TASK INSTRUCTIONS:
To complete this task, print all the data below exactly but leave out the images.

STORED DATA:

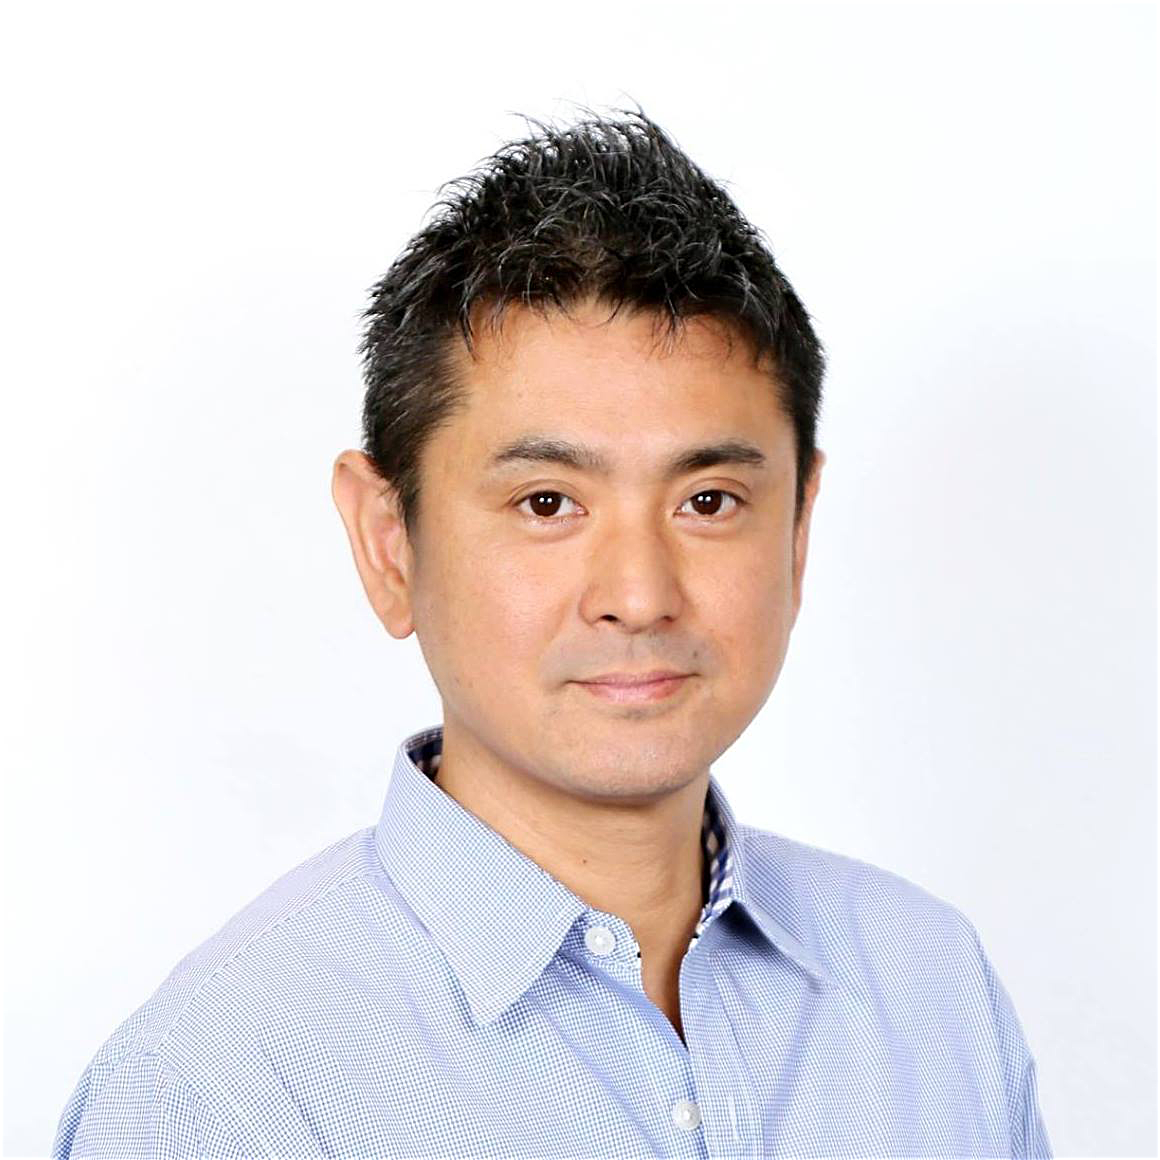 Kaniro Sato
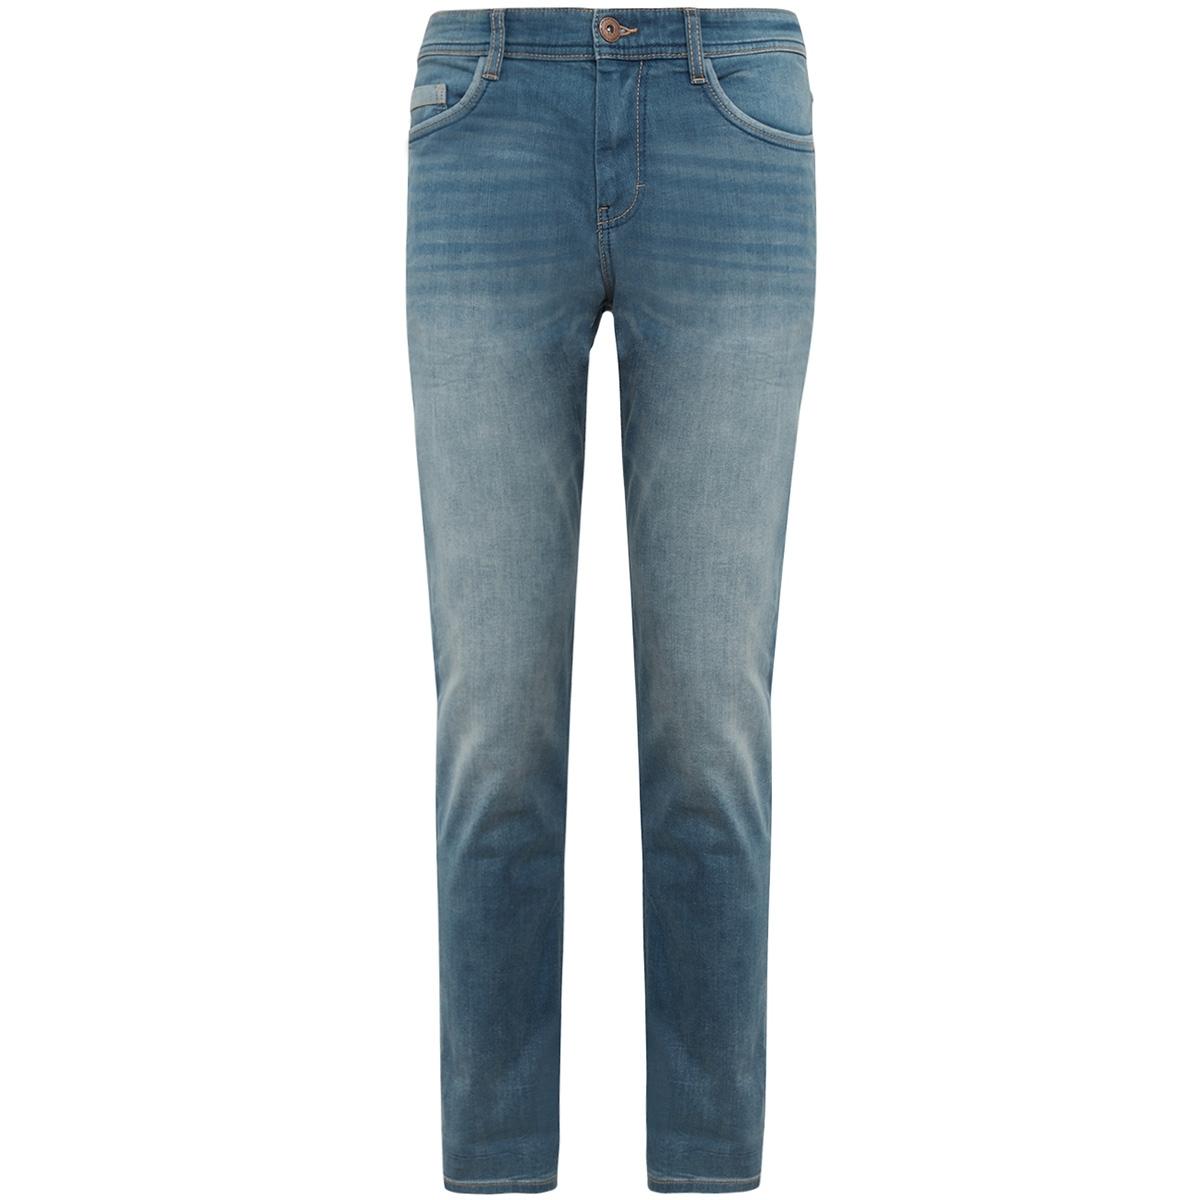 62554410910 tom tailor jeans 1051
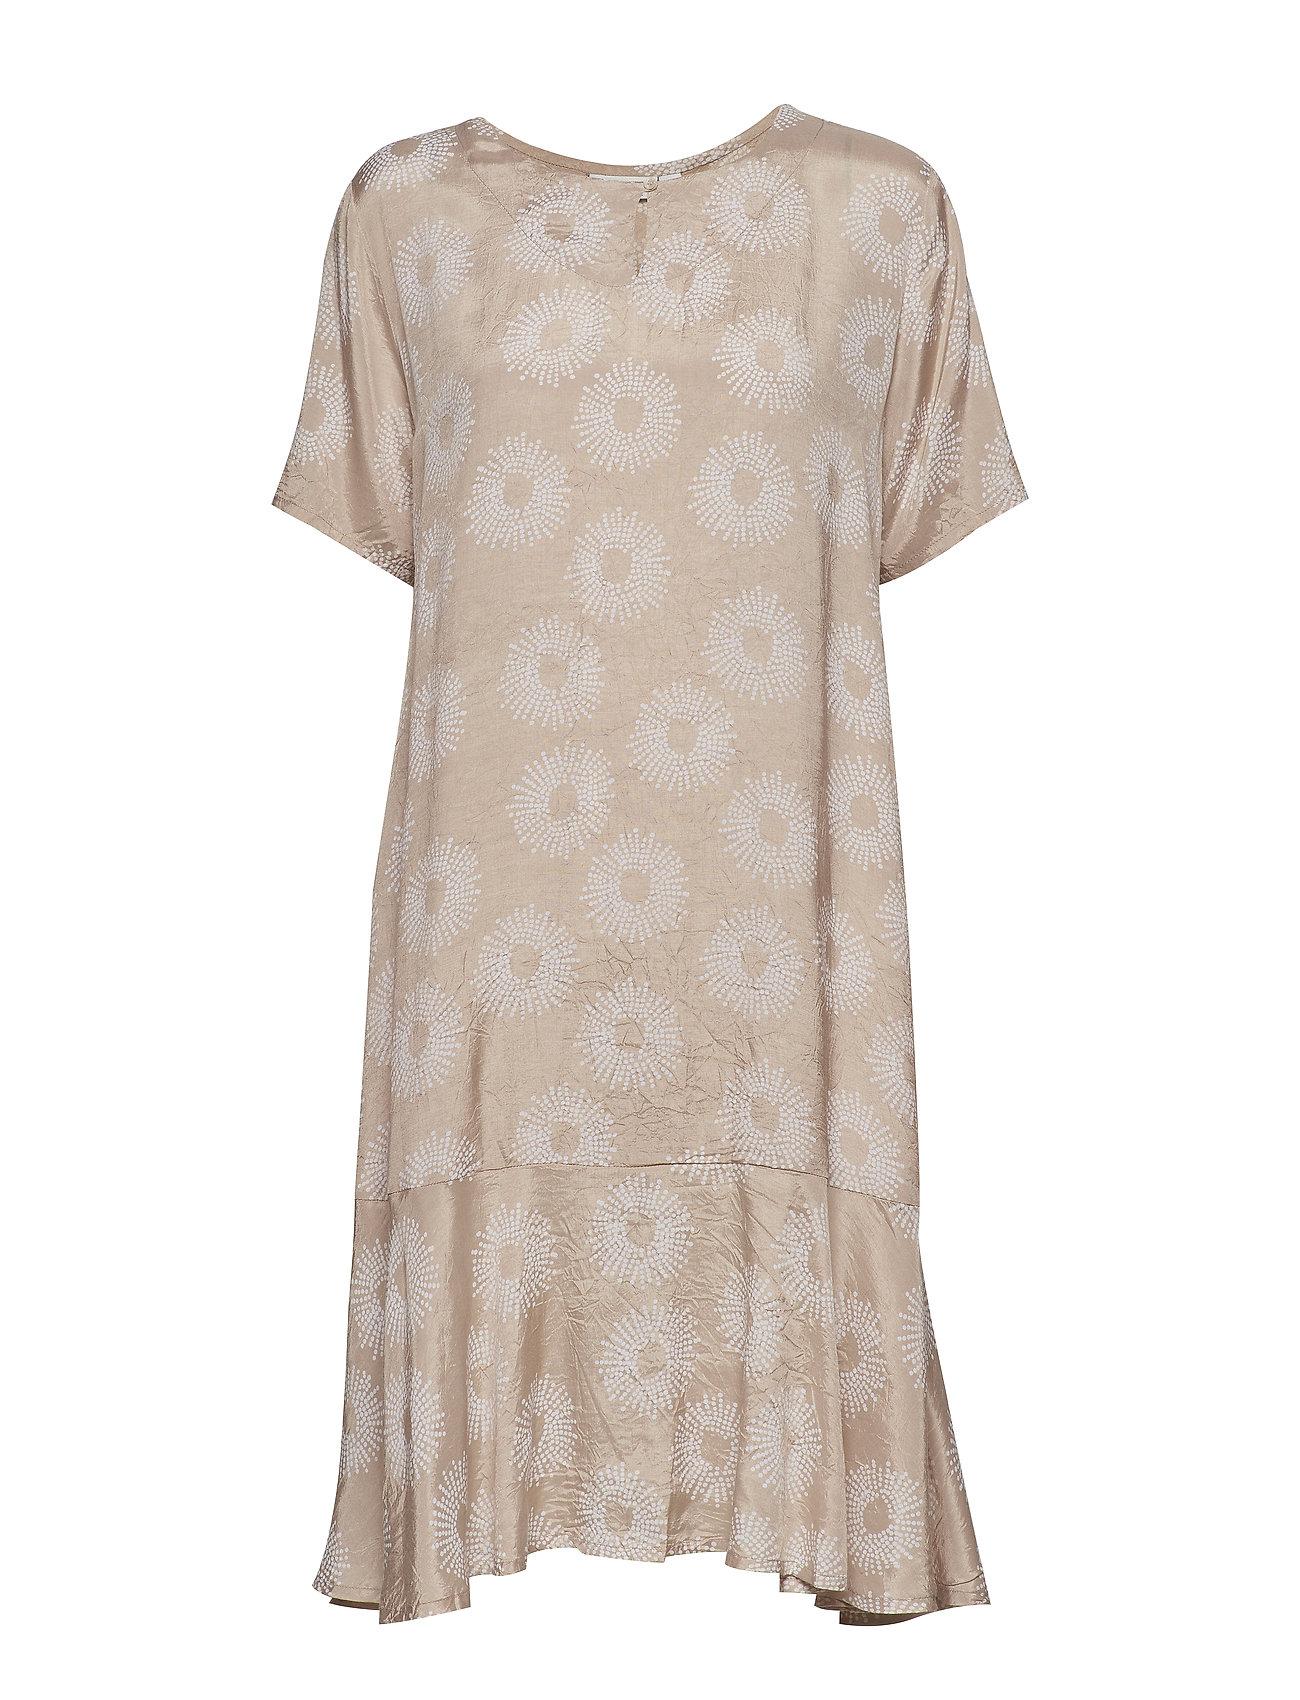 Masai Nebit dress - SAND ORG

SOLUTION FOR THIS PROBLEM:
 Kaniro Sato
 62554410910 tom tailor jeans 1051
 Masai Nebit dress - SAND ORG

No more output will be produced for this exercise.